Er war einem Computer entnommen,
dem war was durcheinander gekommen,
irgendein Rädchen,
irgendein Drähtchen, und als man es merkte,
da war's schon zu spätchen.
Da war der Metterschling schon feit wort.
Wanz geit.
Mir tut er leid.
Mira Lobe: Der verdrehte Schmetterling
Schon als sie noch ganz klein gewesen war, hatte Elena das Gedicht von dem Schmetterling geliebt. Besonders das "feit wort". Weit fort.

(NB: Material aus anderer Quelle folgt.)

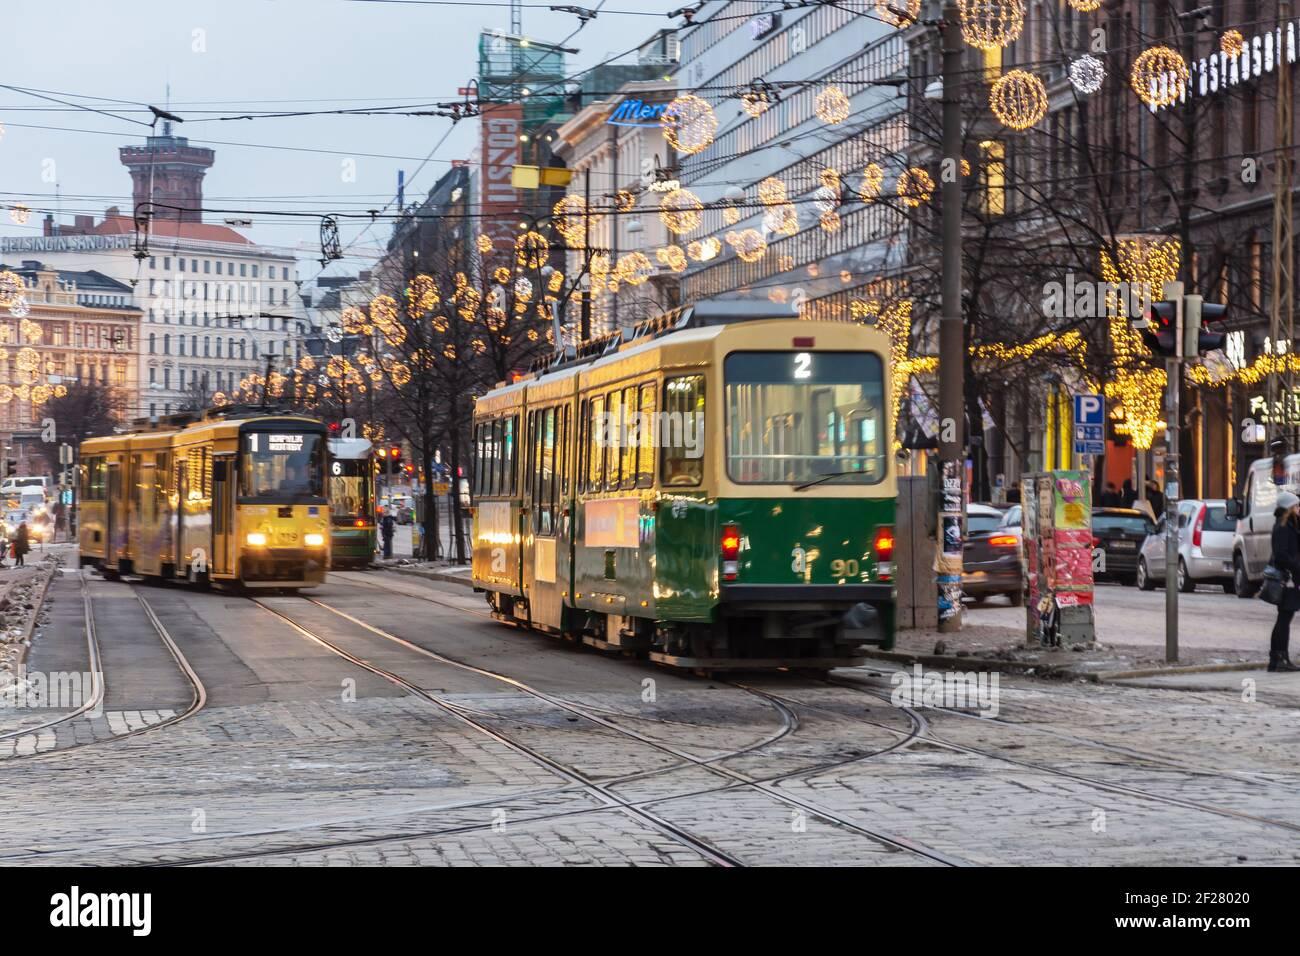 Trams at Mannerheimintie street in the evening in Helsinki Finland Stock Photo

Wenn sie sich die Worte auf der Zunge zergehen ließ, dann füllte ein seltsames und wunderbares Gefühl ihren Kopf und ihre Brust. Weit fort. Weg von zu Hause. Weg von der Welt.

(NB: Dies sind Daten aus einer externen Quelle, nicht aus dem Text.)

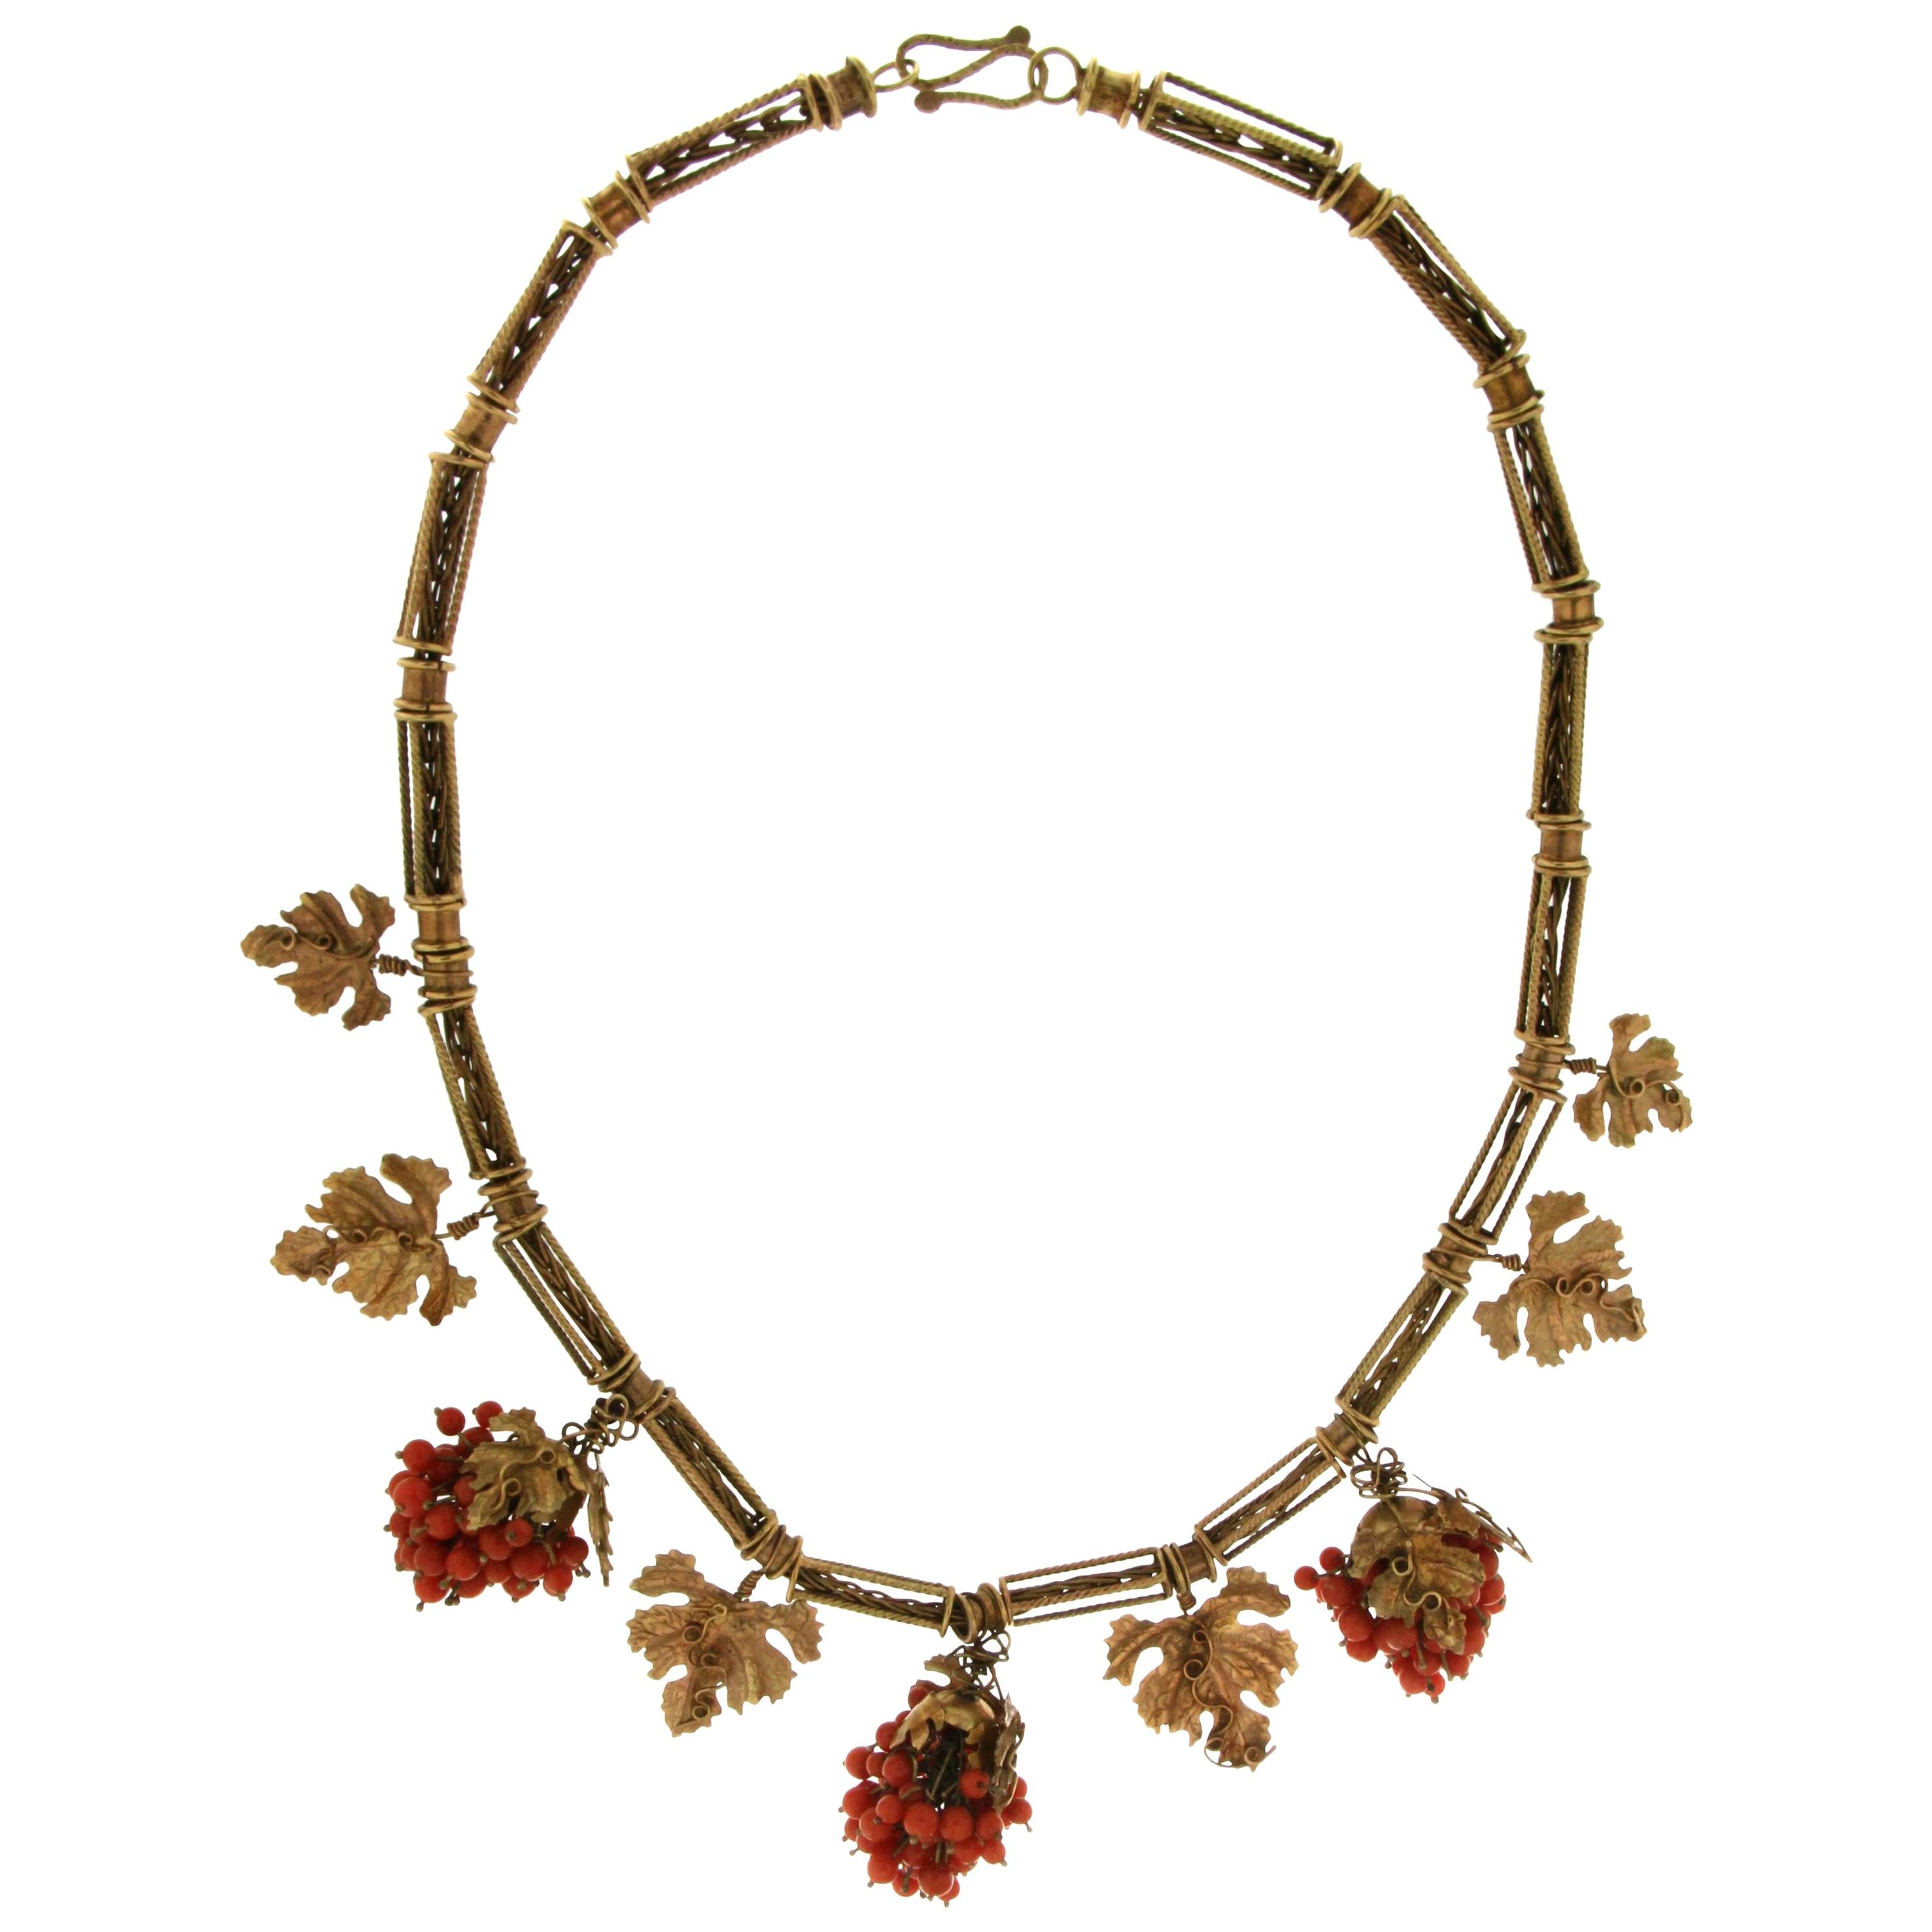 Handcraft 9 Karat Yellow Gold Coral Choker Necklace

Erst viel später hatte sie verstanden, dass es Sehnsucht war, die sie spürte.
Es regnet. Der böige Wind treibt den Regen in Schwaden über das Tal zwischen den grünen Bergflanken. Die winzigen Tropfen dringen durch Elenas Regencape, schleichen sich unter ihre Kleidung, durchnässen sie bis auf die Haut. Es macht ihr nichts aus. Sie schiebt die ohnehin nutzlose Kapuze in den Nacken und legt den Kopf zurück. Kühles Wasser rinnt über ihr Gesicht, nässt die dunklen Haare, fließt in den Kragen ihres Pullovers. Walisischer Regen.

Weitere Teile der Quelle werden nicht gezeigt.